PROVIDED MATERIAL »
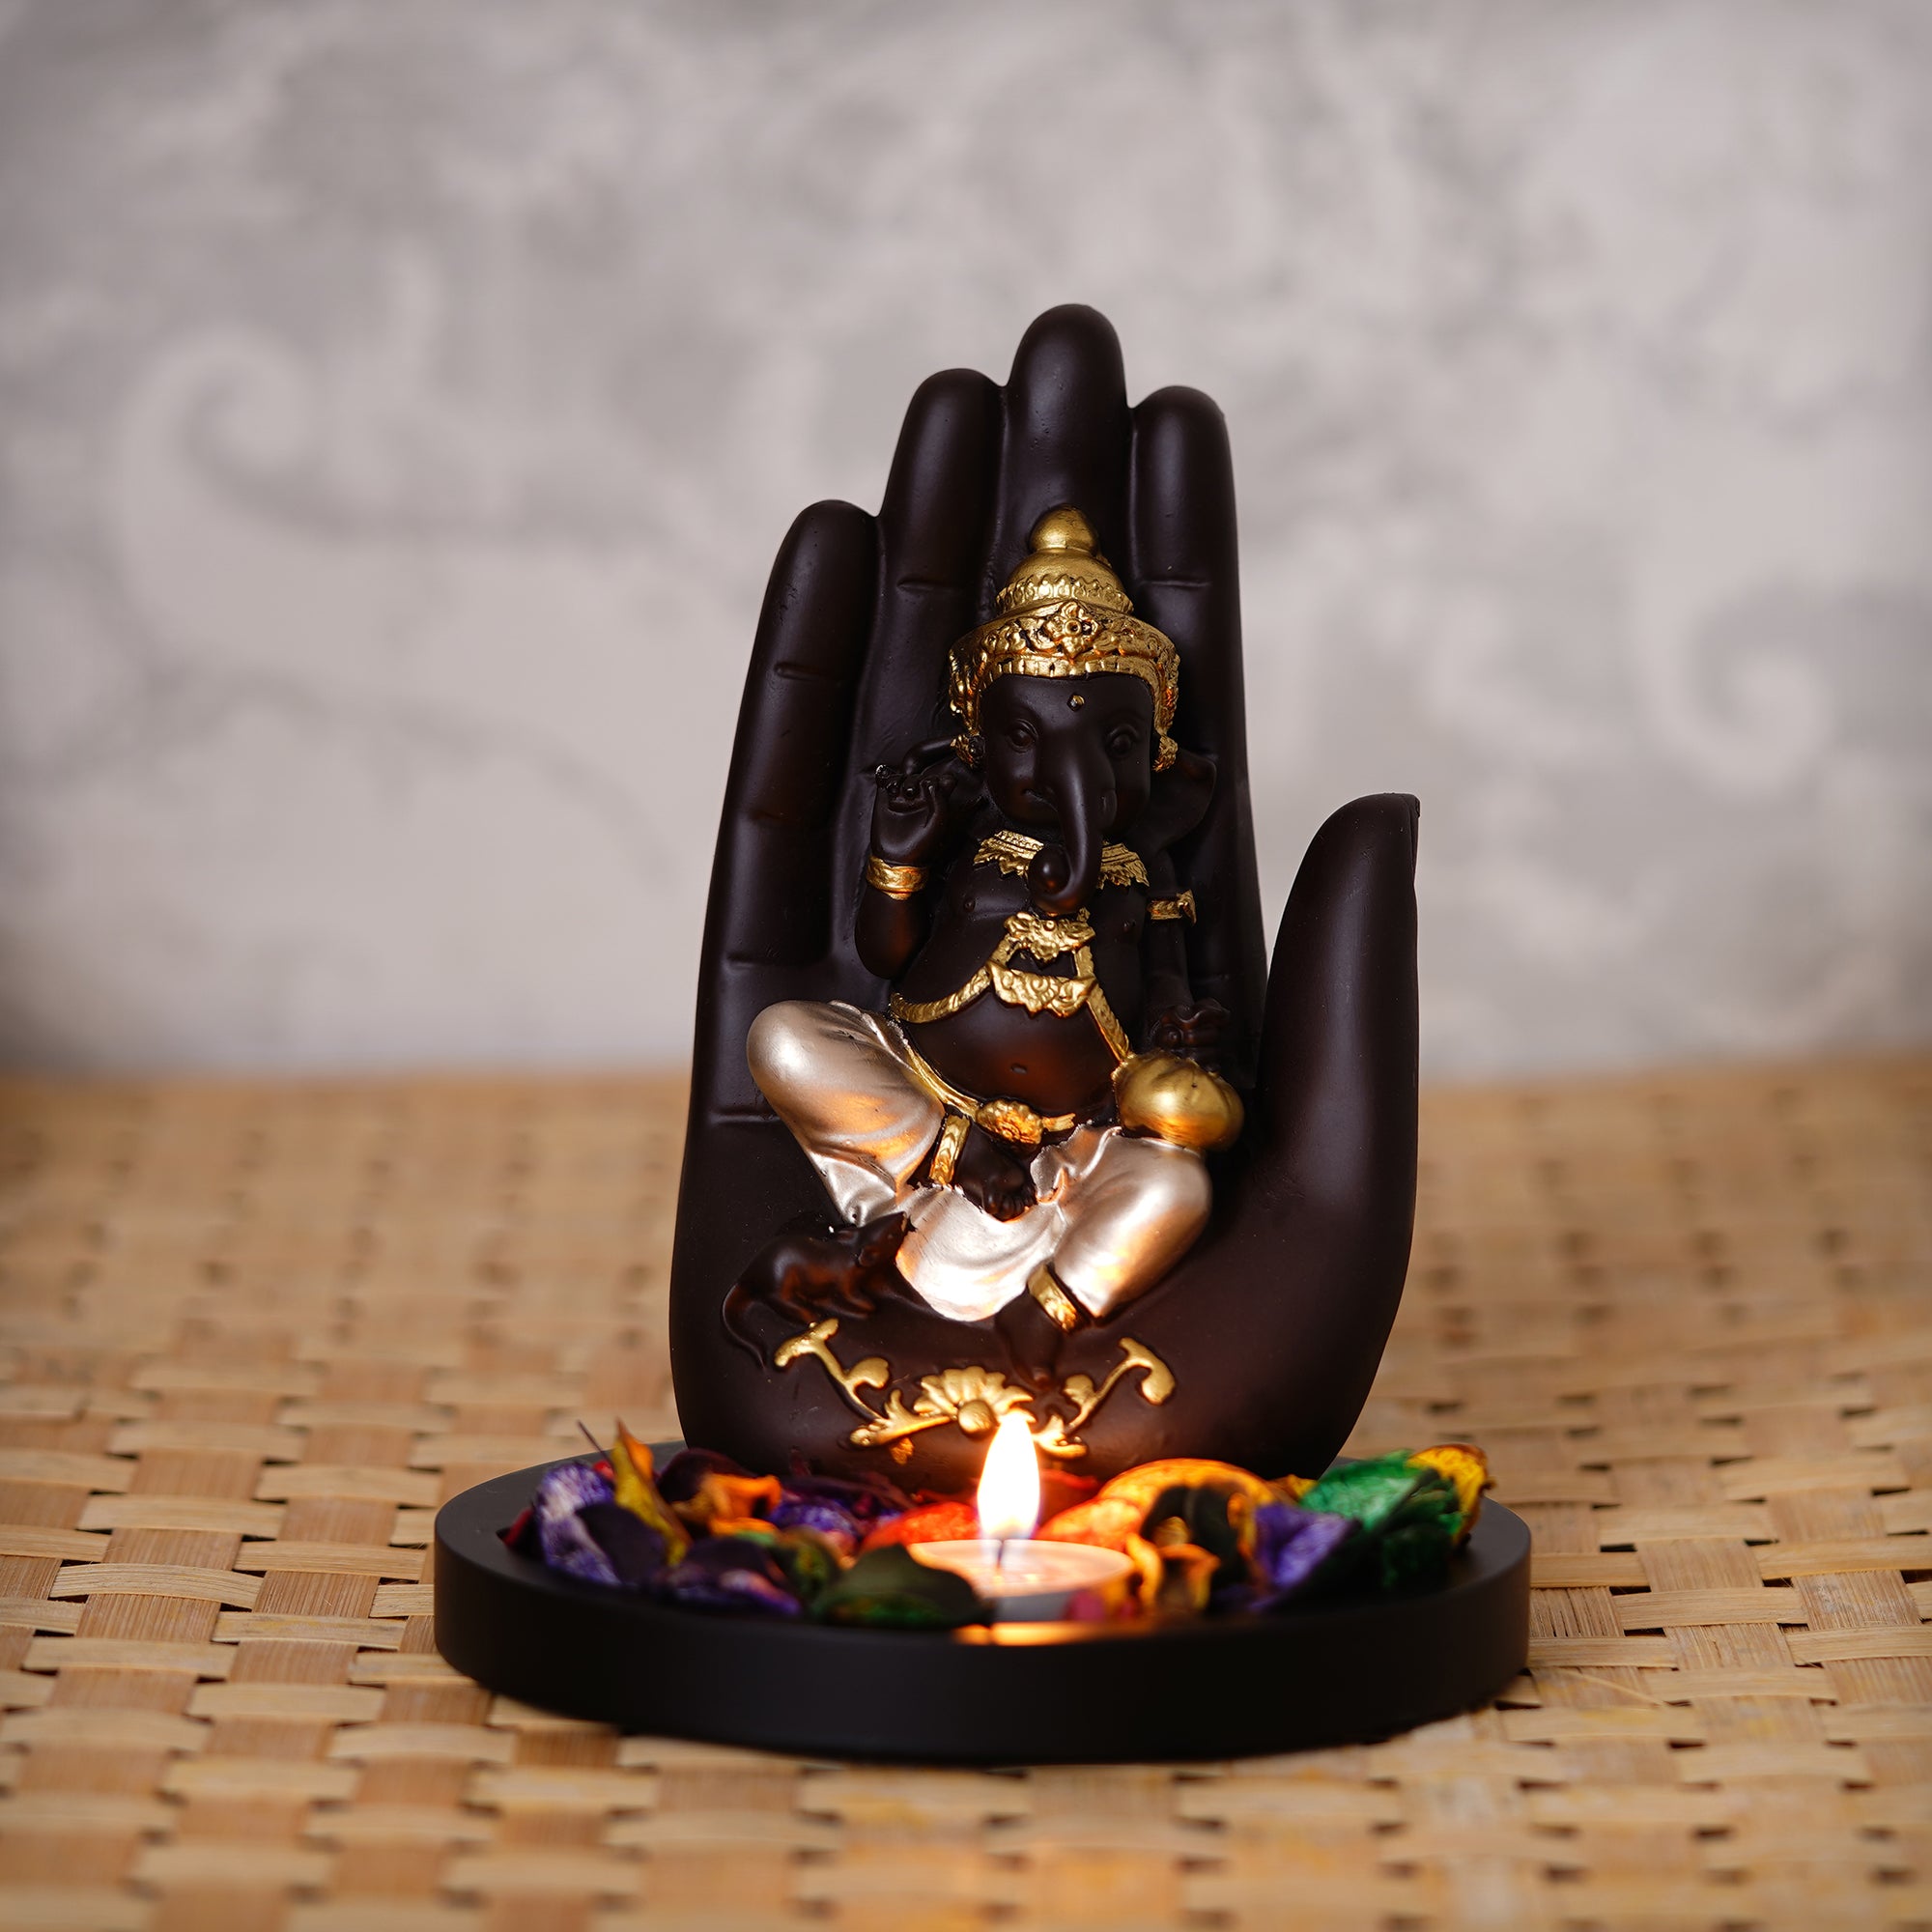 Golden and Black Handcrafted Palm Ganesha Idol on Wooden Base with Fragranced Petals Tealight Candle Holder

==

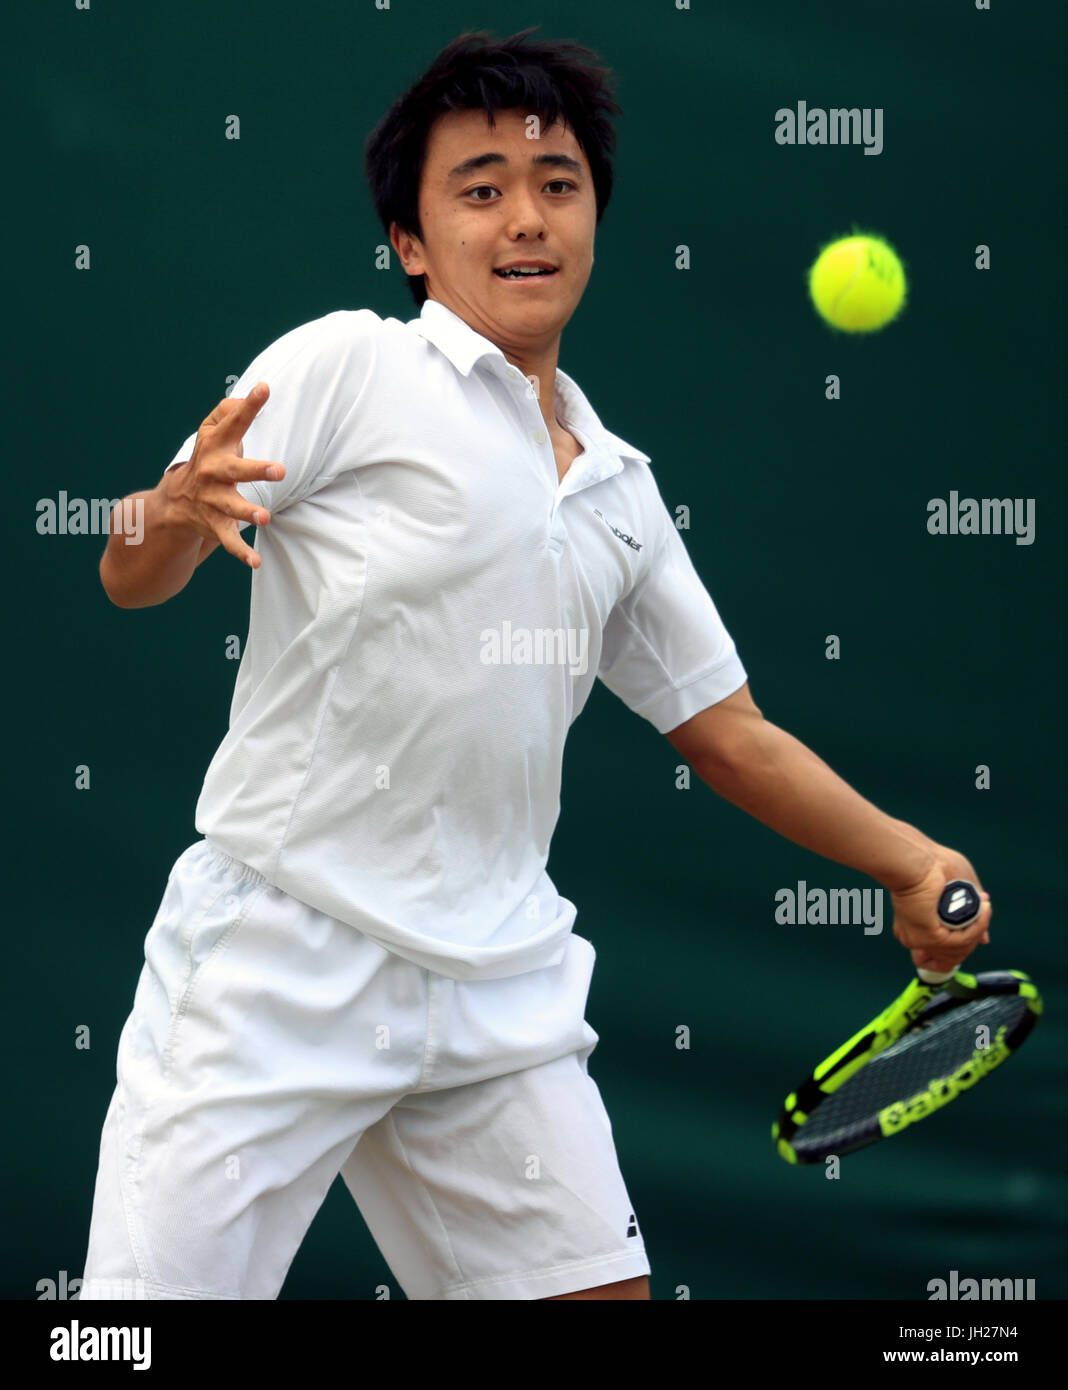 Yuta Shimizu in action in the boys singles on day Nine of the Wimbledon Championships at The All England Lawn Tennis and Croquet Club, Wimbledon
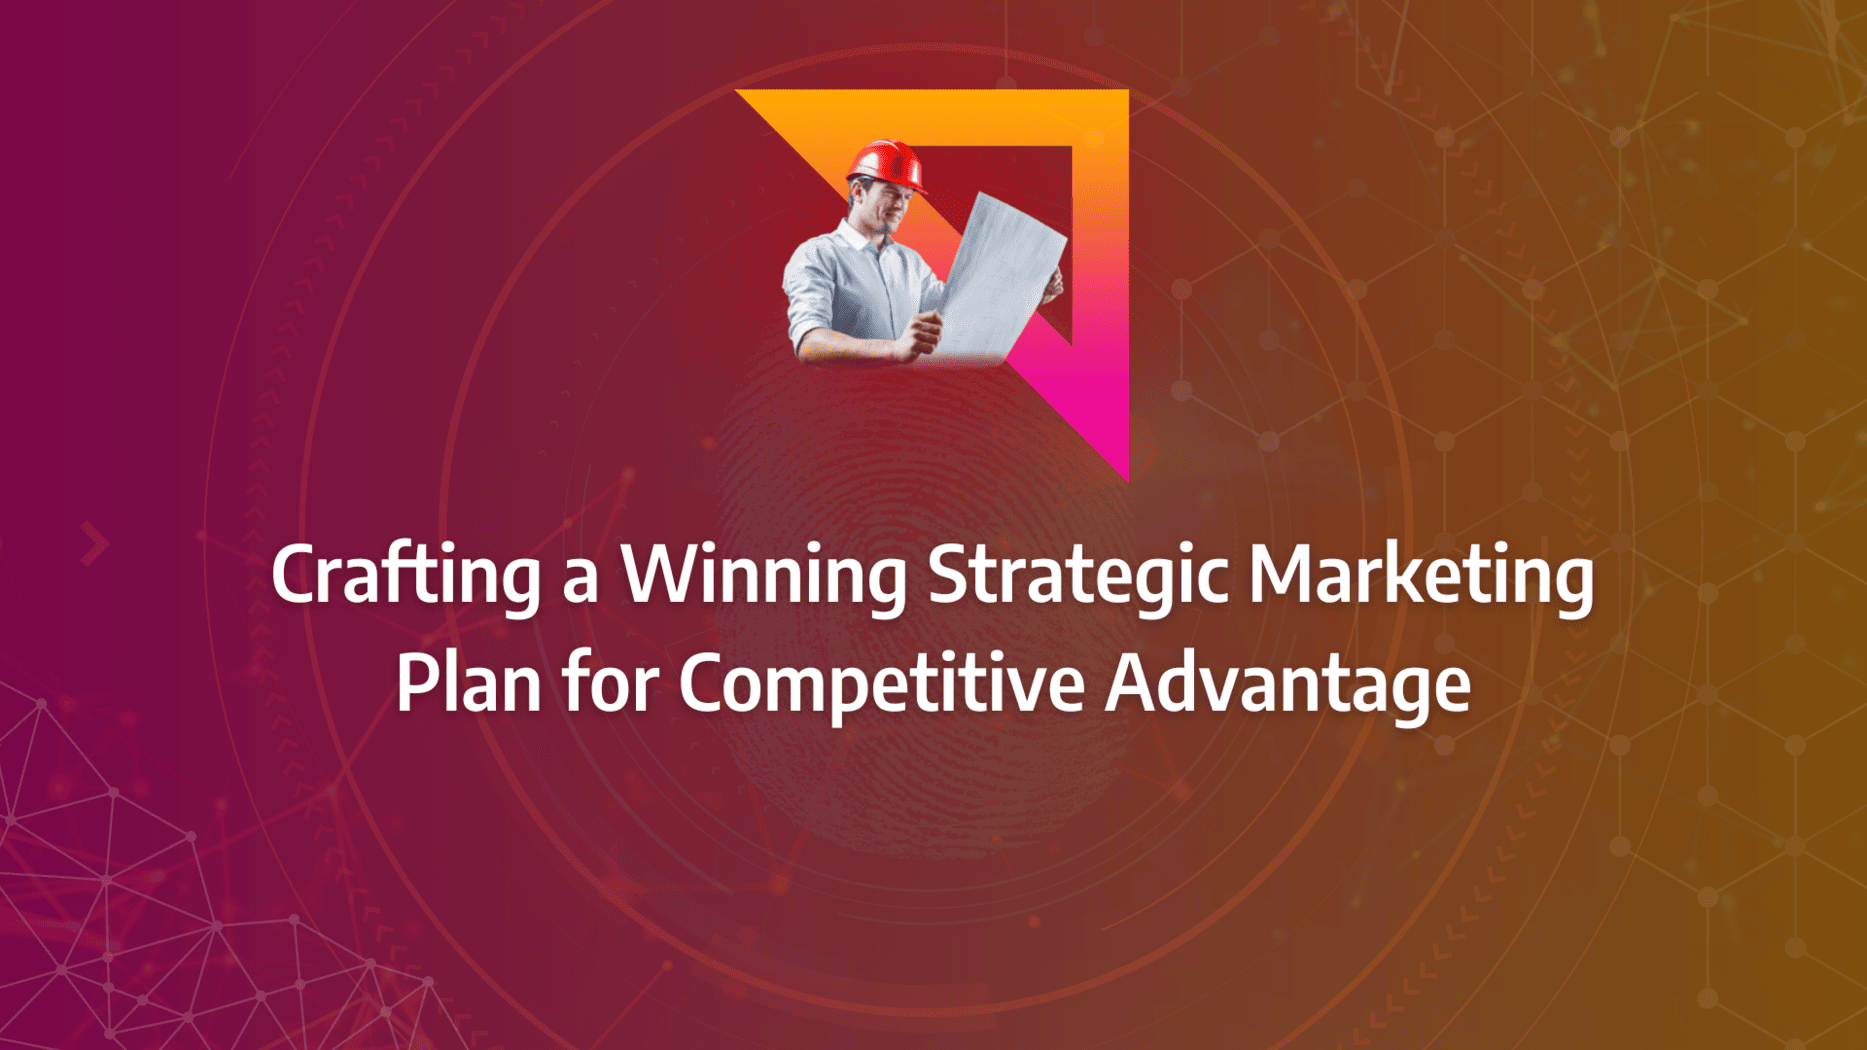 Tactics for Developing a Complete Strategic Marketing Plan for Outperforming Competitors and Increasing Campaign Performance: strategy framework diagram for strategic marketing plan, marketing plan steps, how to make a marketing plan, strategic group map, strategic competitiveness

==

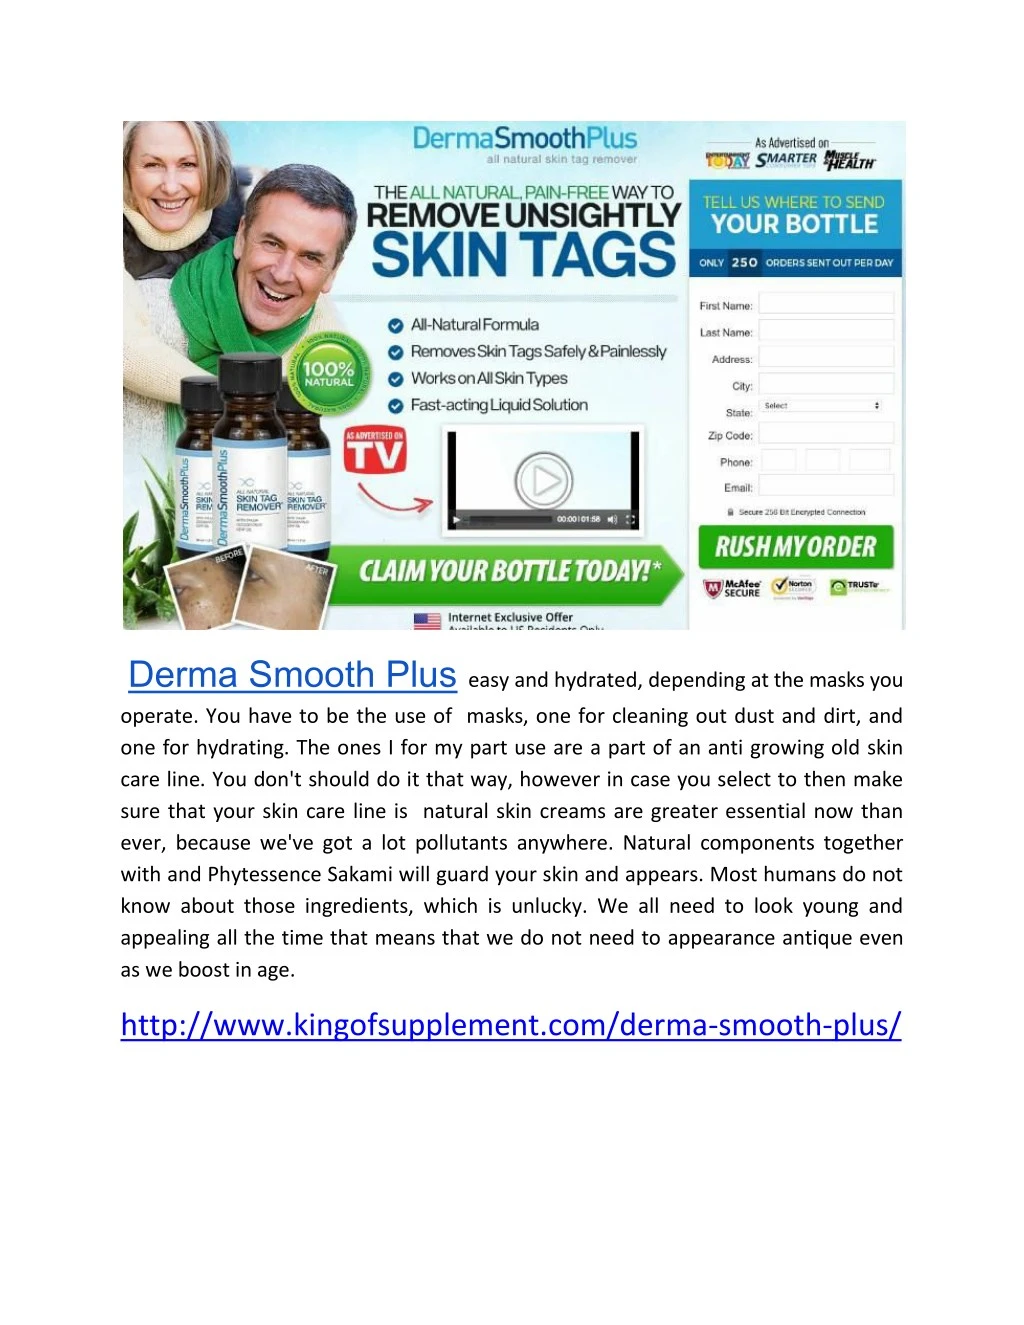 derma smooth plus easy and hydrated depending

YOUR GOAL » Nothing but the lines above, starting at the line that contains "Yuta Shimizu in" and ending at the line that contains "Tactics for Developing", should be given again, exactly and without the pictures.

ANSWER TO THE EXERCISE »
 Yuta Shimizu in action in the boys singles on day Nine of the Wimbledon Championships at The All England Lawn Tennis and Croquet Club, Wimbledon
 Tactics for Developing a Complete Strategic Marketing Plan for Outperforming Competitors and Increasing Campaign Performance: strategy framework diagram for strategic marketing plan, marketing plan steps, how to make a marketing plan, strategic group map, strategic competitiveness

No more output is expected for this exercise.